#### Work to be completed:
Each line from the one holding "Monkaim Spy Glasses" to the last line below must be restated word for word, and no picture may be included.

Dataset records
===

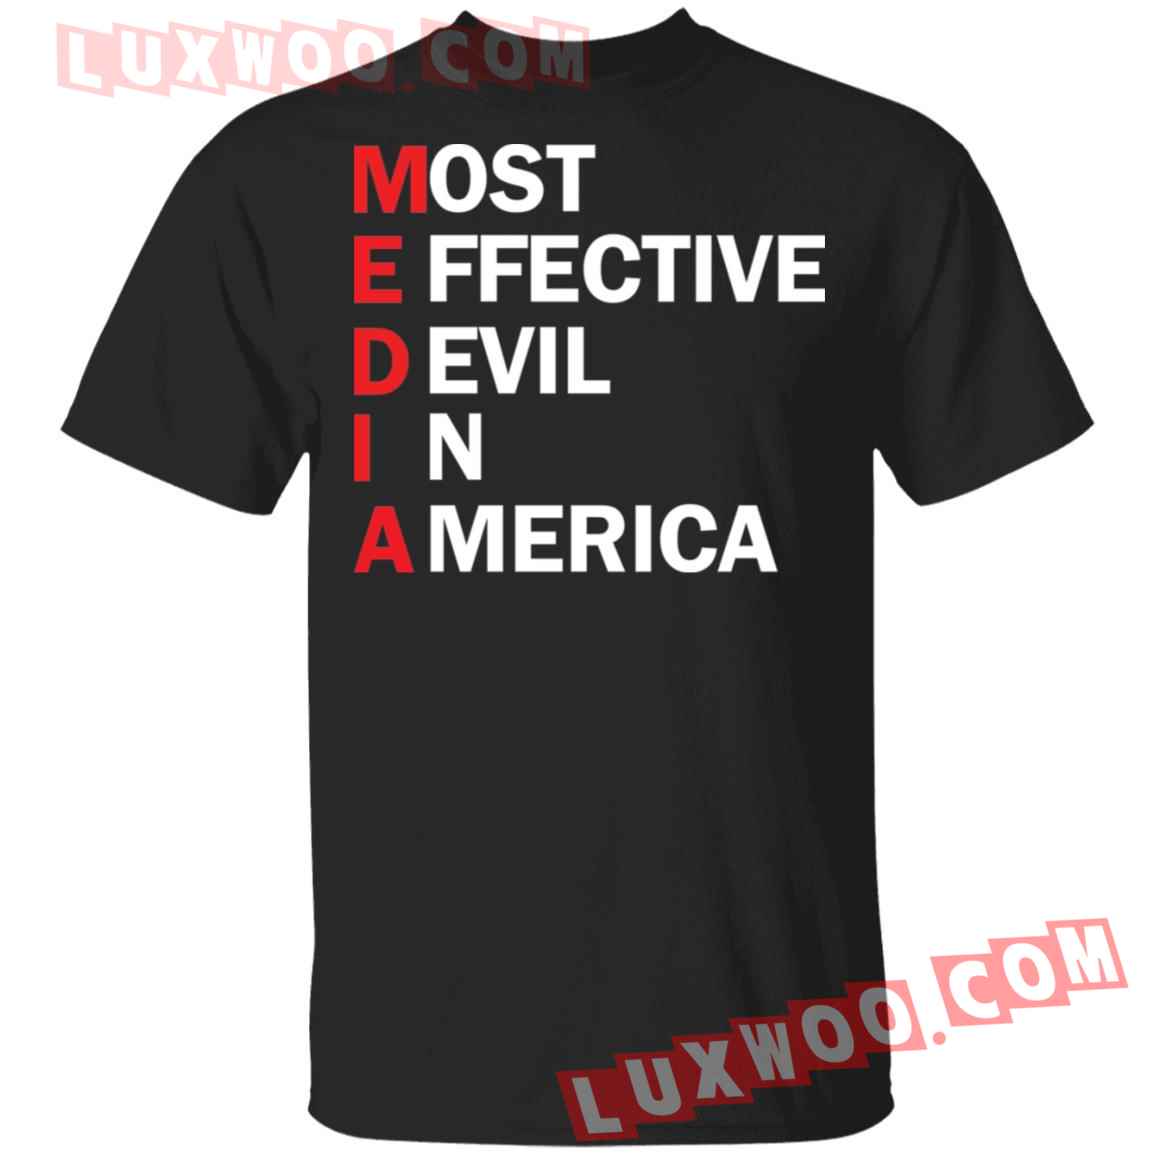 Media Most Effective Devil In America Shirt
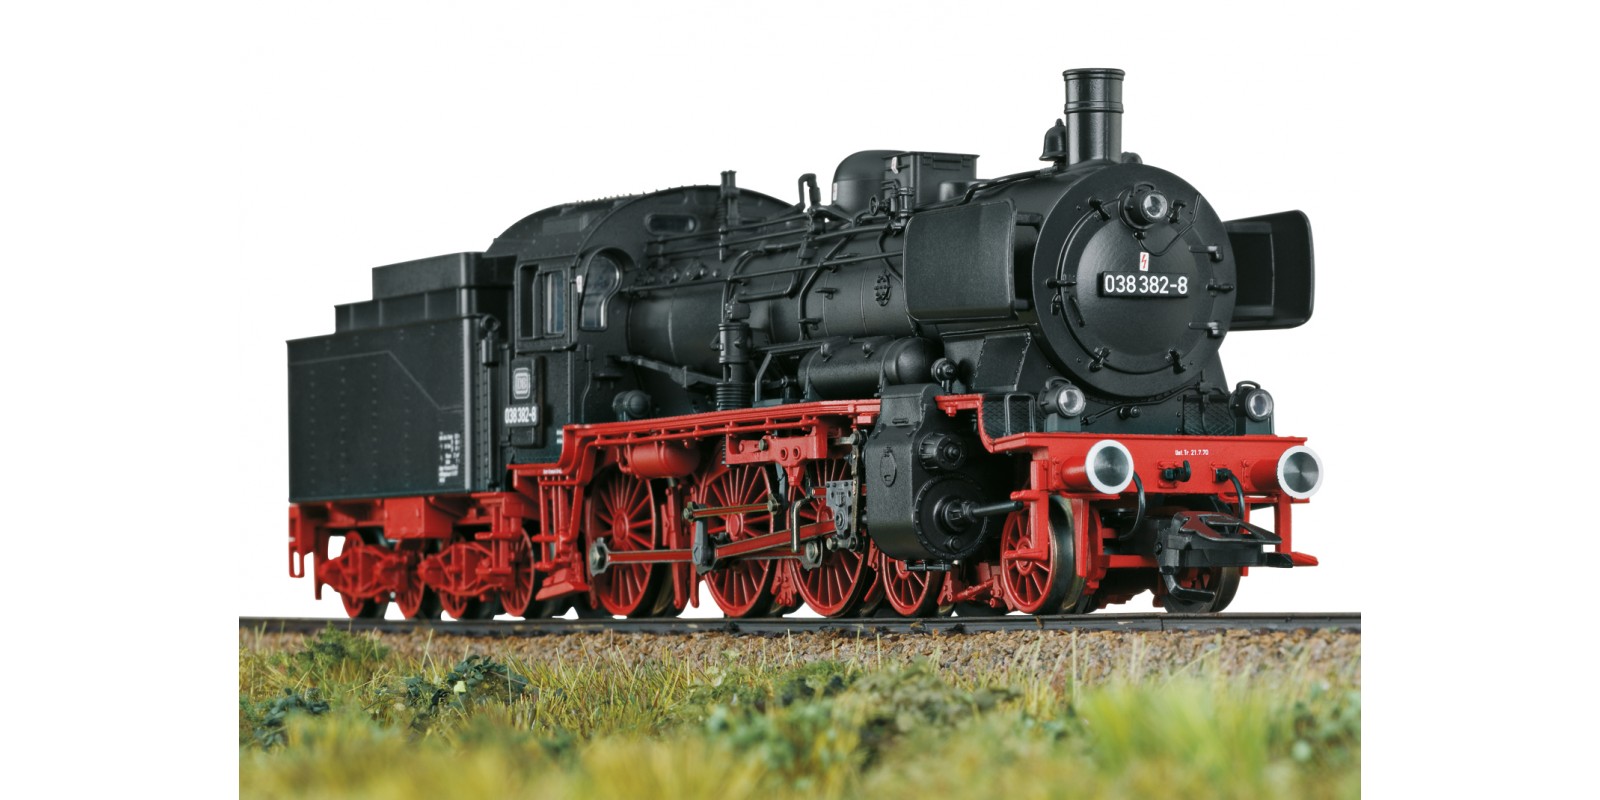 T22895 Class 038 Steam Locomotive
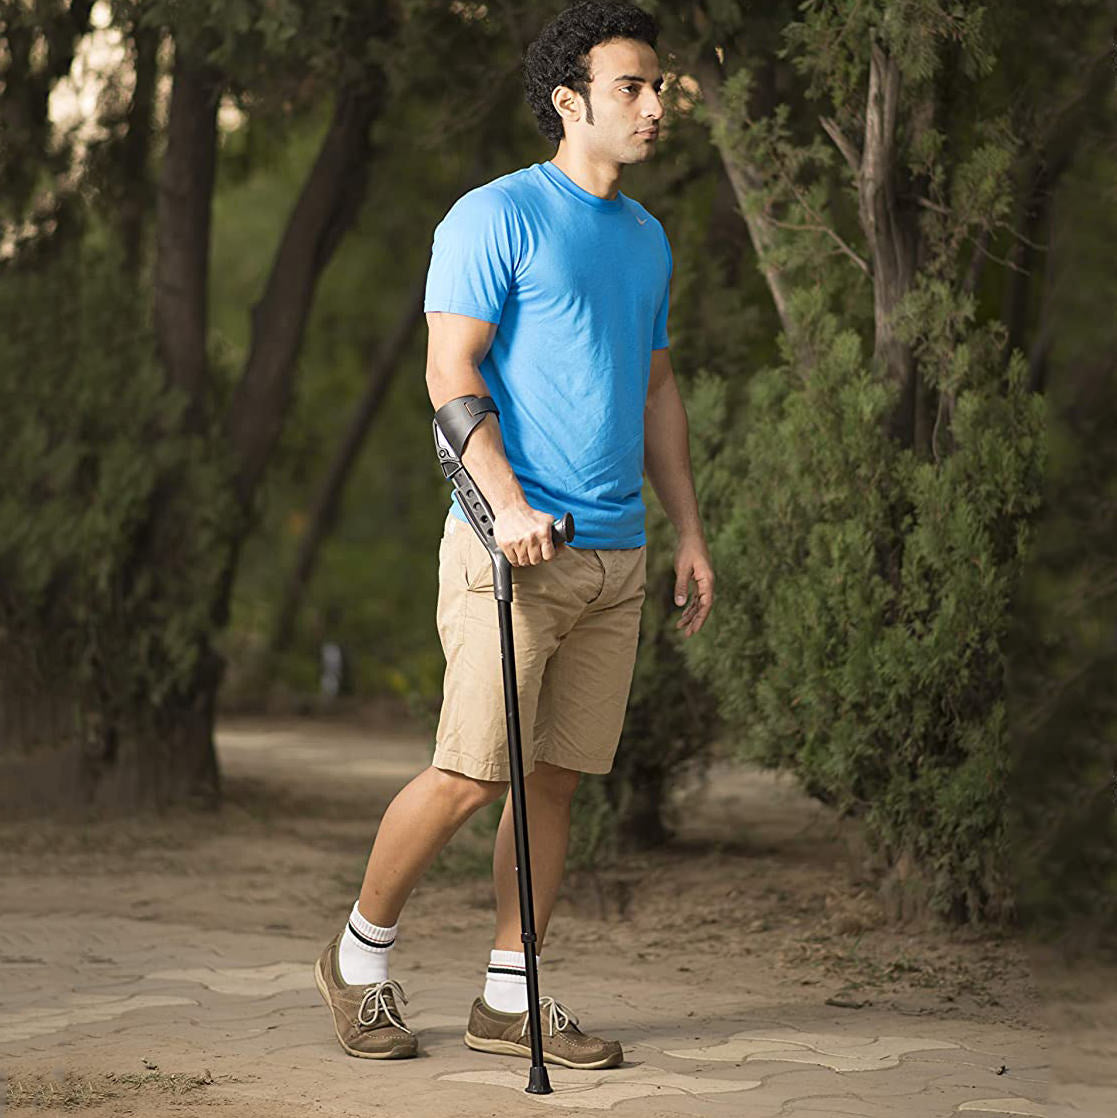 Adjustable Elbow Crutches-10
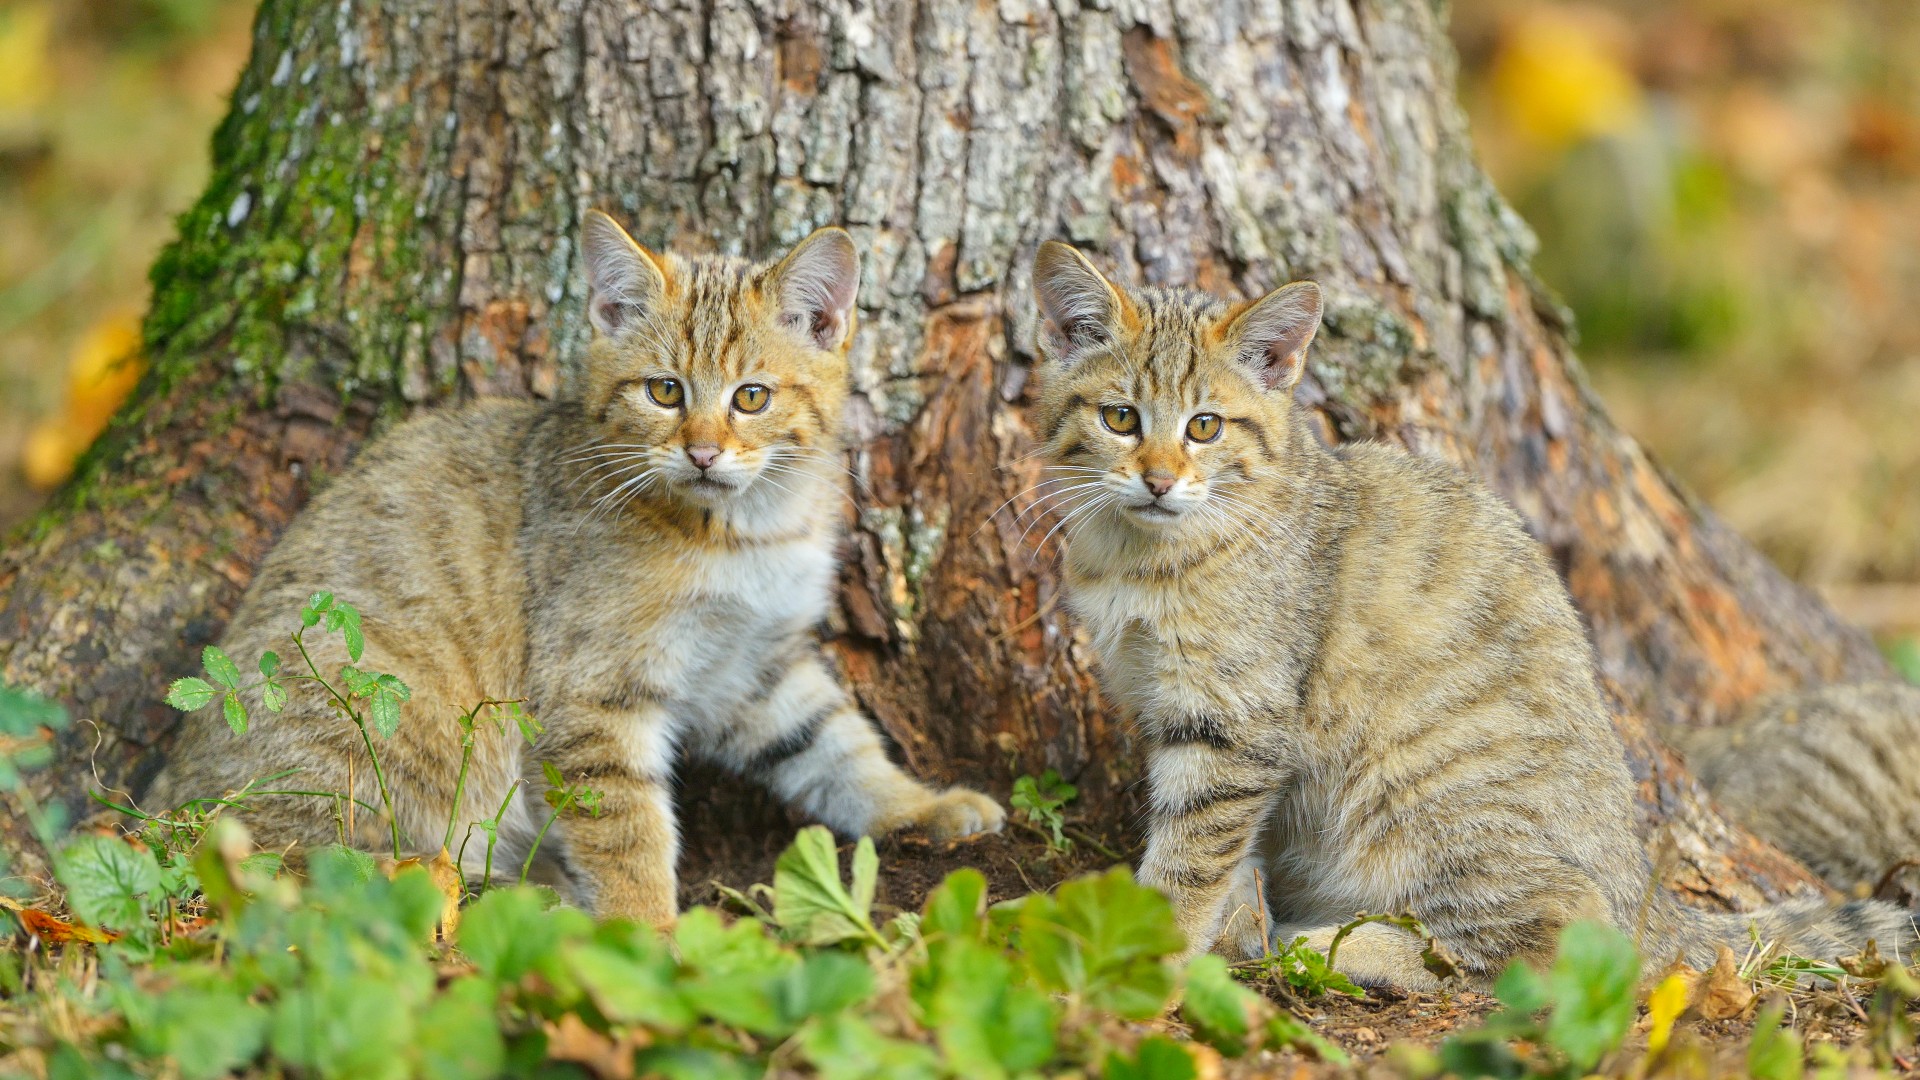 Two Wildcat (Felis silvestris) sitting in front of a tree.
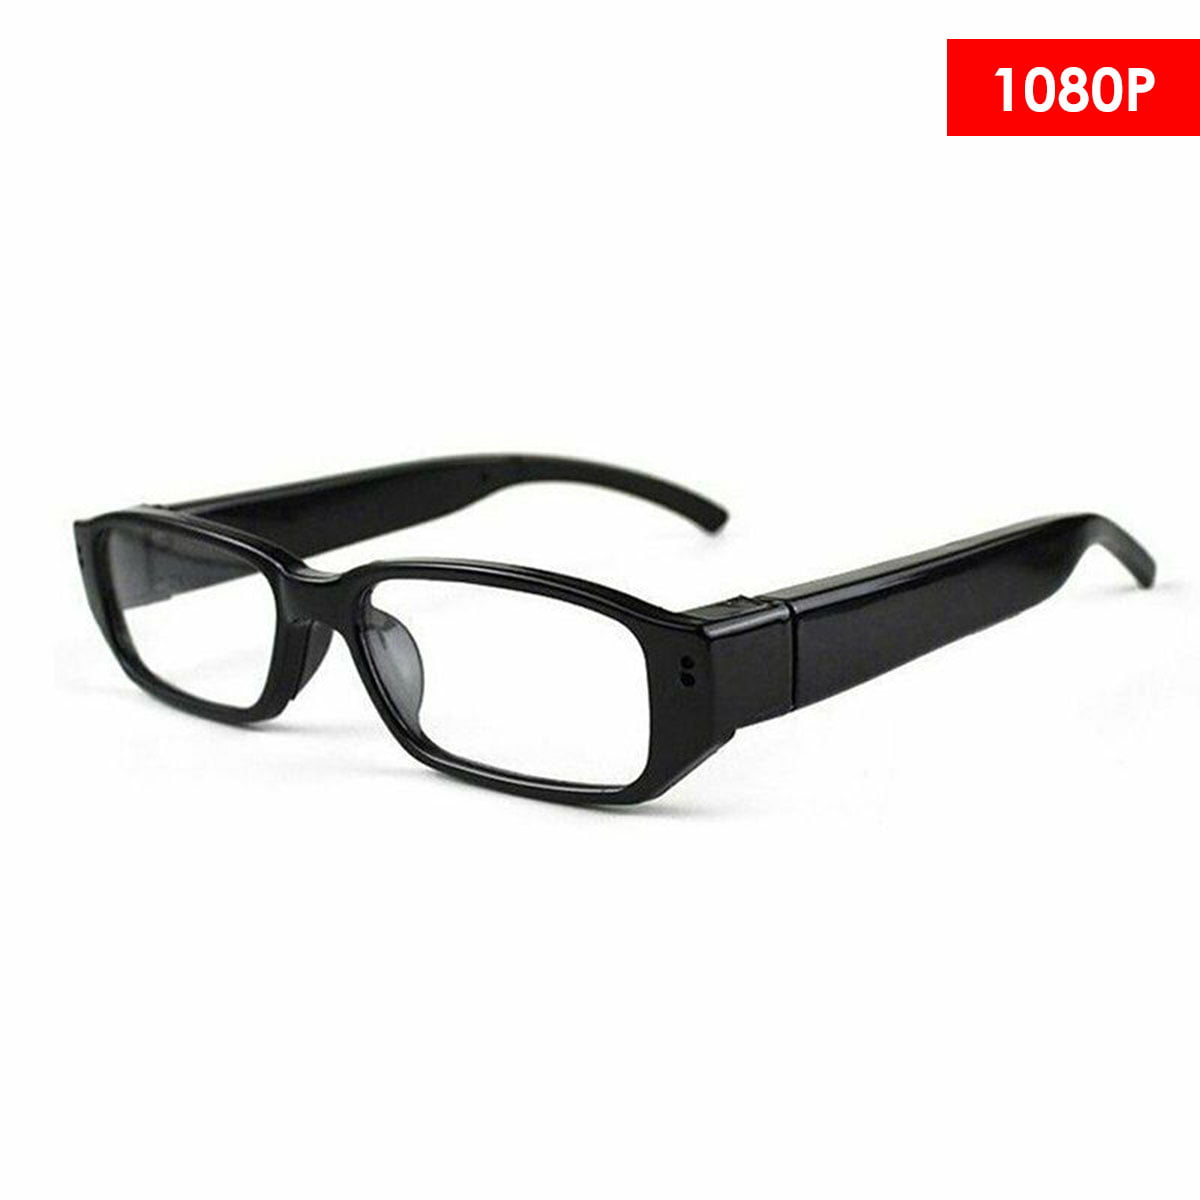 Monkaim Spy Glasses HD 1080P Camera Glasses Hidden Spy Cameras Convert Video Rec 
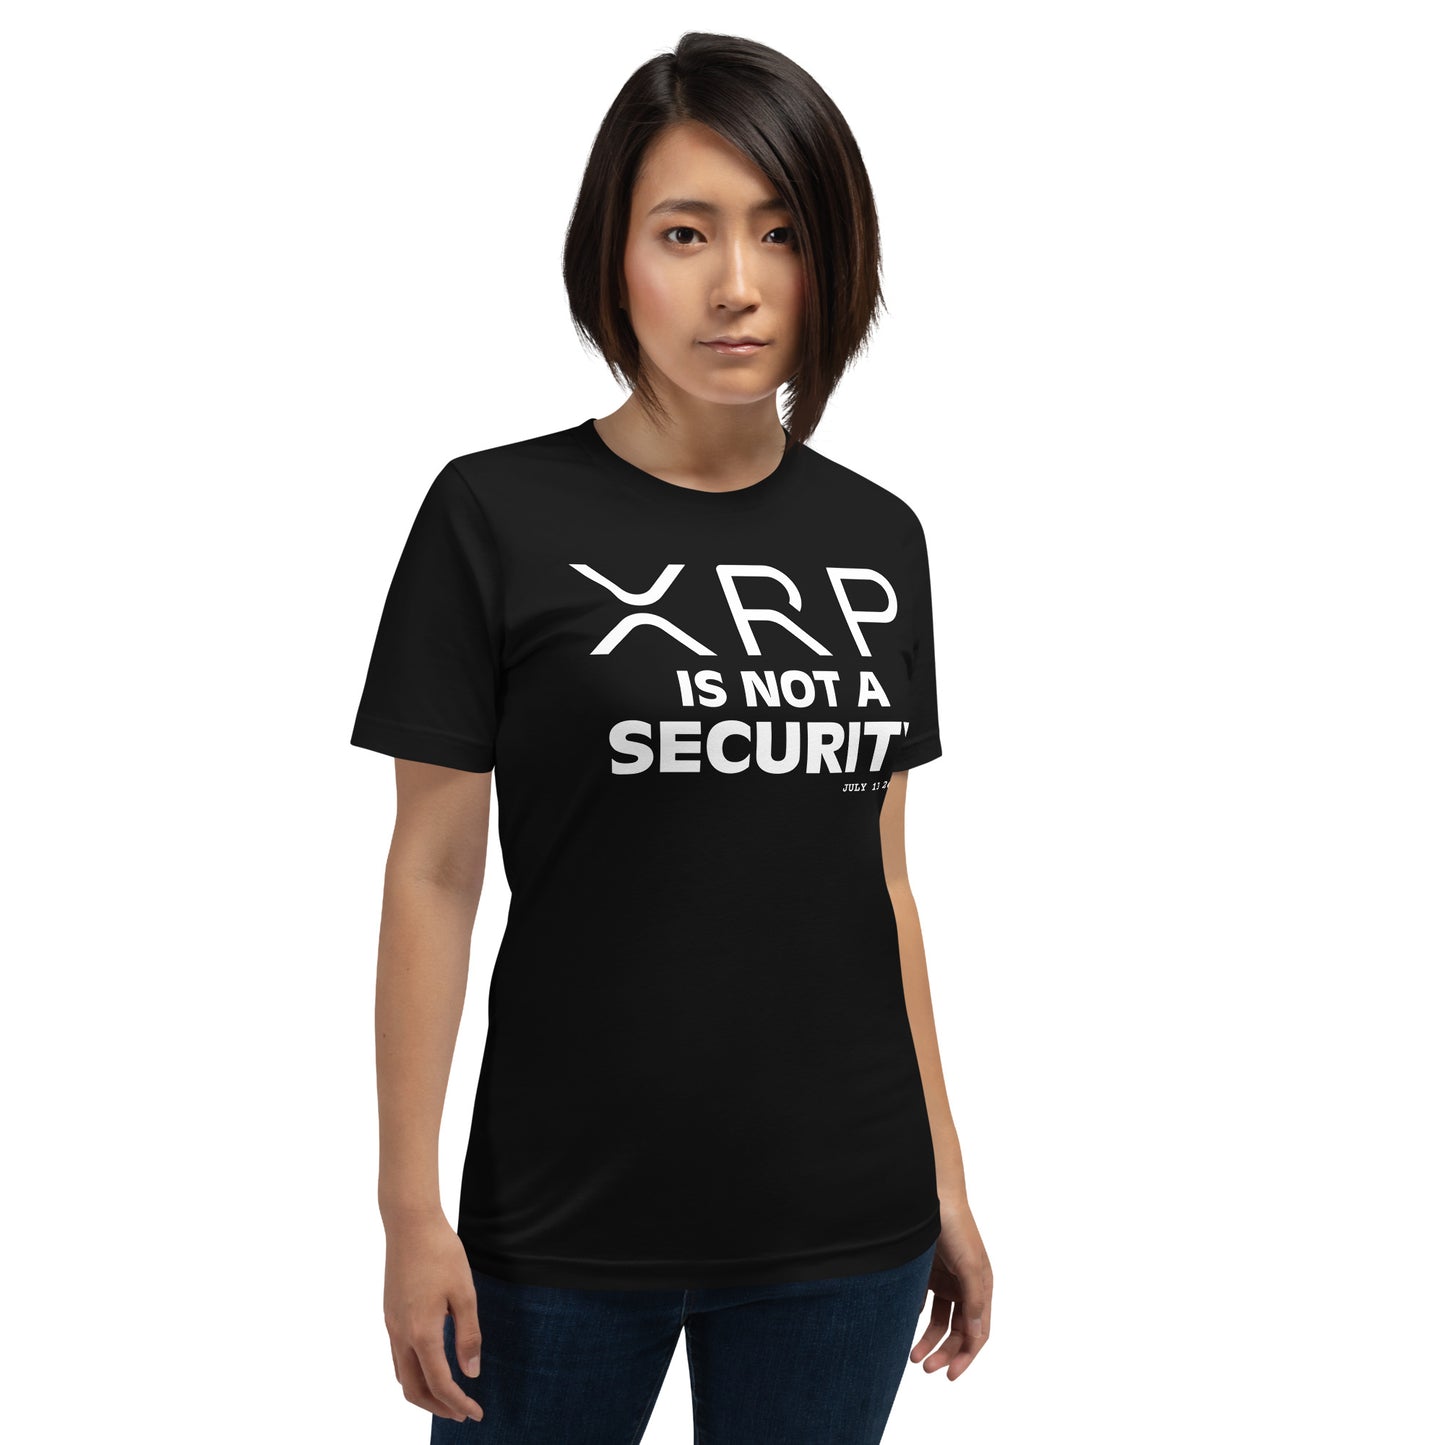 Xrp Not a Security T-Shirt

===

#### Task answer:
 Monkaim Spy Glasses HD 1080P Camera Glasses Hidden Spy Cameras Convert Video Rec 
 Xrp Not a Security T-Shirt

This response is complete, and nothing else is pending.